You can find black waterbuffalo horn at most of the knifemakers' supply shops. Regards, Jean C.

I would like to underline this. I already wrote about this subject on Saturday: (......One word to the subject of carbon diffusion. This is influenced greatly by time, temperature and the way to travel , e.g. the thickness of layers. It ist quite well possible to create a decorative Damascus steel from high carbon steel and carbon free iron without having considerable carbon diffusion. This needs as few weldings as possible and thick layers. When it comes to longer periods of forge welding and folding, the overall time of heat application gets longer and the layer diameter diminishes, ending in a balanced carbon content in all layers. An obstacle to carbon diffusion is a layer of pure nickel.....). Steel 'behaves' like steel, and the knowledge of general physical properties of steel is helpful in understanding forging techniques of TSUBA.
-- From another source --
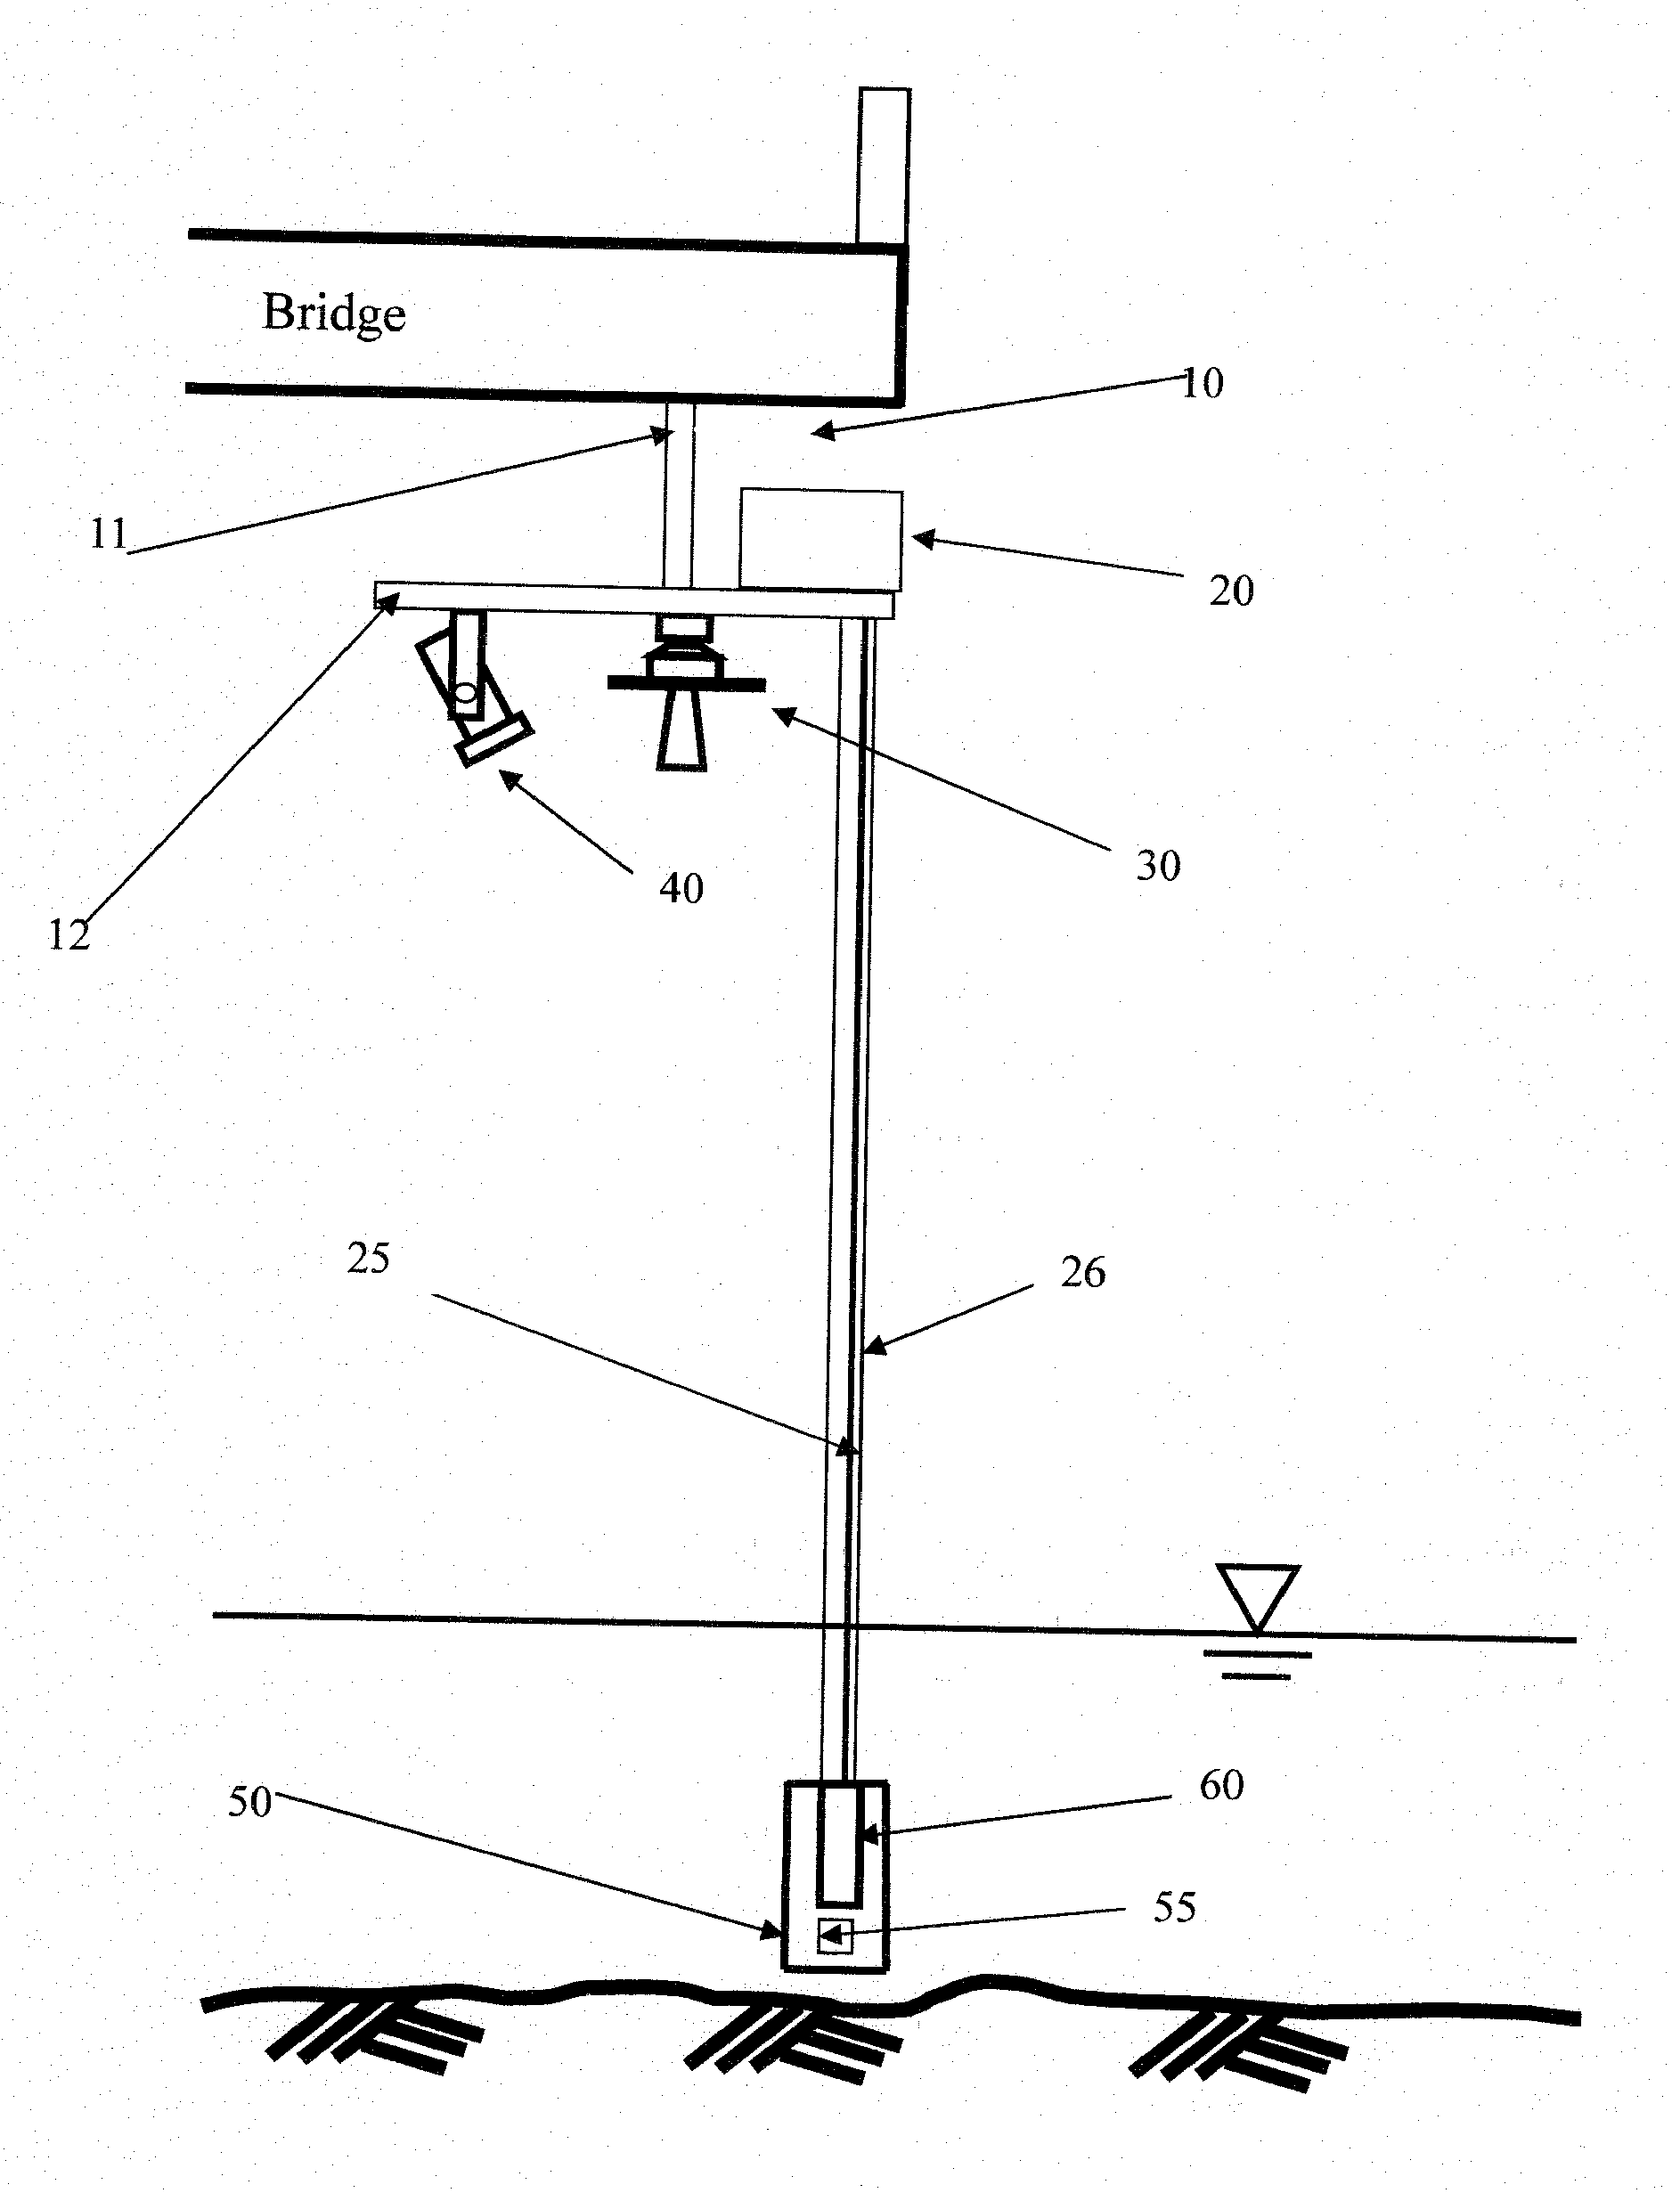 Automatic hydrologic parameter measuring system for river flow and the method using the same

Andy, Critics on the content of a treatment are not an attack on the writer! If I correctly understand these forums, most NMB members are interested to improve their knowledge, and critical opinions and discussions may well serve this purpose. I am sure you wrote the text on TEKKOTSU in the best of your knowledge, but as so often opinions are just individual thoughts and not facts. My critics are based upon my personal experience and knowledge, and I am willing to learn if you could prove my comments to be wrong. But then some fat books have to be re-written at least in parts.... Kindly check my comments, you will find that we both are striving for the same 'truth' behind some very special forging secrets. Regards, Jean C.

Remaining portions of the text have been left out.